Environmental Impact Assessments and the Treaty on Biodiversity Beyond National Jurisdiction

By Iosif Sorokin

An Environmental Impact Assessment (EIA) is a procedure for evaluating the likely impact of a proposed activity on the environment. EIAs typically require a detailed analysis of the environmental impact of a proposed action, careful consideration of alternatives to the proposed action, and discussion of measures which could mitigate potential environmental harms. This is facilitated by gathering input from scientists, policymakers, and civil society to help identify activities that may cause harm to the environment. Public participation is also usually a crucial part of EIAs, including the opportunity for members of the public to comment on a proposed action and receive responses to their questions, and ultimately to review the final record reporting the results of the EIA. The overall objective of an EIA is to ensure that environmental considerations are explicitly addressed and incorporated into the decision making process prior to undertaking an action that may significantly affect the environment.

 

EIAs in International Law

EIAs have become tremendously important tools for environmental management across the globe. More than one hundred nations have domestic statutes that require consideration and assessment of the environmental impacts of domestic development activities to some degree. International treaties, customs, and decisions by international courts also require EIAs for activities that may cause environmental impacts across borders. The most definitive statement of this obligation came in the decision of the International Court of Justice (ICJ) in the Pulp Mills Case (Argentina v. Uruguay) where the court confirmed that “it may now be considered a requirement under general international law to undertake an environmental impact assessment where there is a risk that the proposed industrial activity may have a significant adverse impact in a transboundary context, in particular, on a shared resource.”

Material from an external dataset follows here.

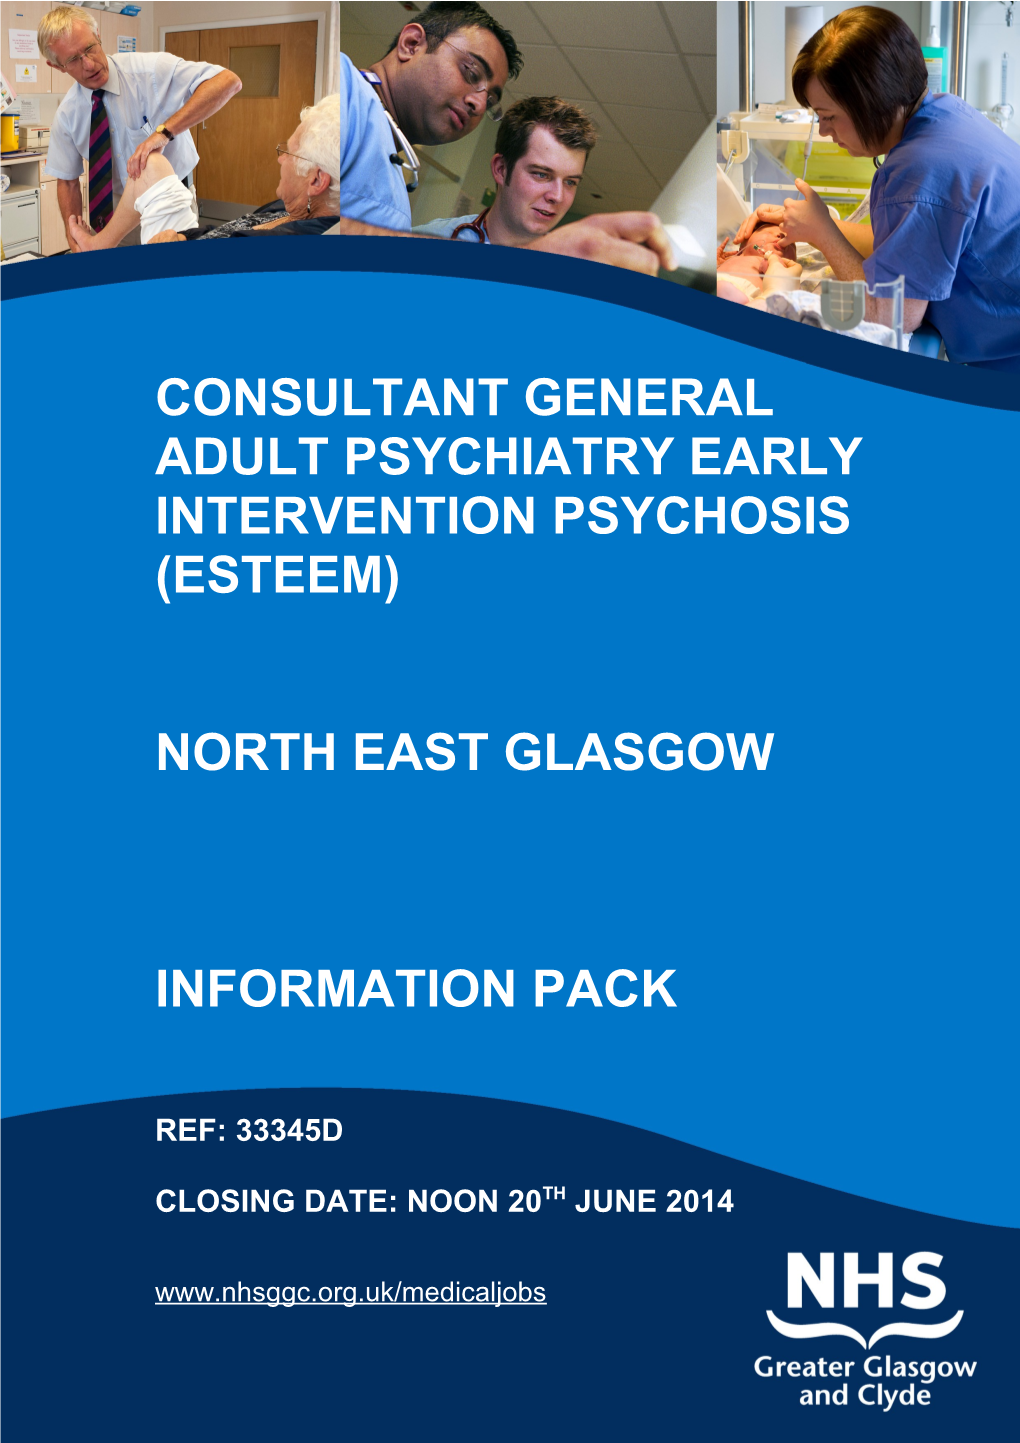 Consultant General Adult Psychiatry EARLY

However, the international law is unsettled as to whether a similar requirement under customary international law exists to perform an EIA for proposed activities in areas beyond national jurisdiction, such as the high seas. Article 206 of the Law of the Sea Convention (LOSC) states that it is a requirement under the Convention that nations assess the potential effects of activities under their jurisdiction or control—including areas beyond national jurisdiction but subject to their control—that may cause “significant and harmful changes to the marine environment.” The Article states a fair amount of leeway in determining the significance of the harm (there must be “reasonable grounds” for believing that a project may harm the environment) and the degree to which they are required to respond (as far as practicable). The requirement to perform an EIA in Article 206 of the LOSC is binding for all 167 states that have joined the treaty. However, some nations have not yet ratified the treaty, including the United States. Article 206 may only apply to all nations if it is an accurate statement of customary international law, which many provisions of the LOSC are understood to be.

 

The Biodiversity Beyond National Jurisdiction Treaty Negotiations

Although still at the negotiation phase, the anticipated treaty on Biodiversity Beyond National Jurisdiction (BBNJ) would, if completed, have major implications for the requirement to perform EIAs in areas beyond national jurisdiction. The primary goal of the negotiations relating to EIAs is to operationalize the obligation in Article 206 of the LOSC. Included in this goal is the development of a global default framework to cover emerging activities in areas beyond national jurisdiction, including marine tourism, floating installations, and seismic testing. This global framework would also include thresholds for new activities that would require an EIA. Another significant objective being negotiated is how to address the cumulative impact of human activities in EIAs. This includes a discussion of the need for cross-sectoral assessments of conflicting activities such as fishing, seabed mining, and the laying of submarine cables.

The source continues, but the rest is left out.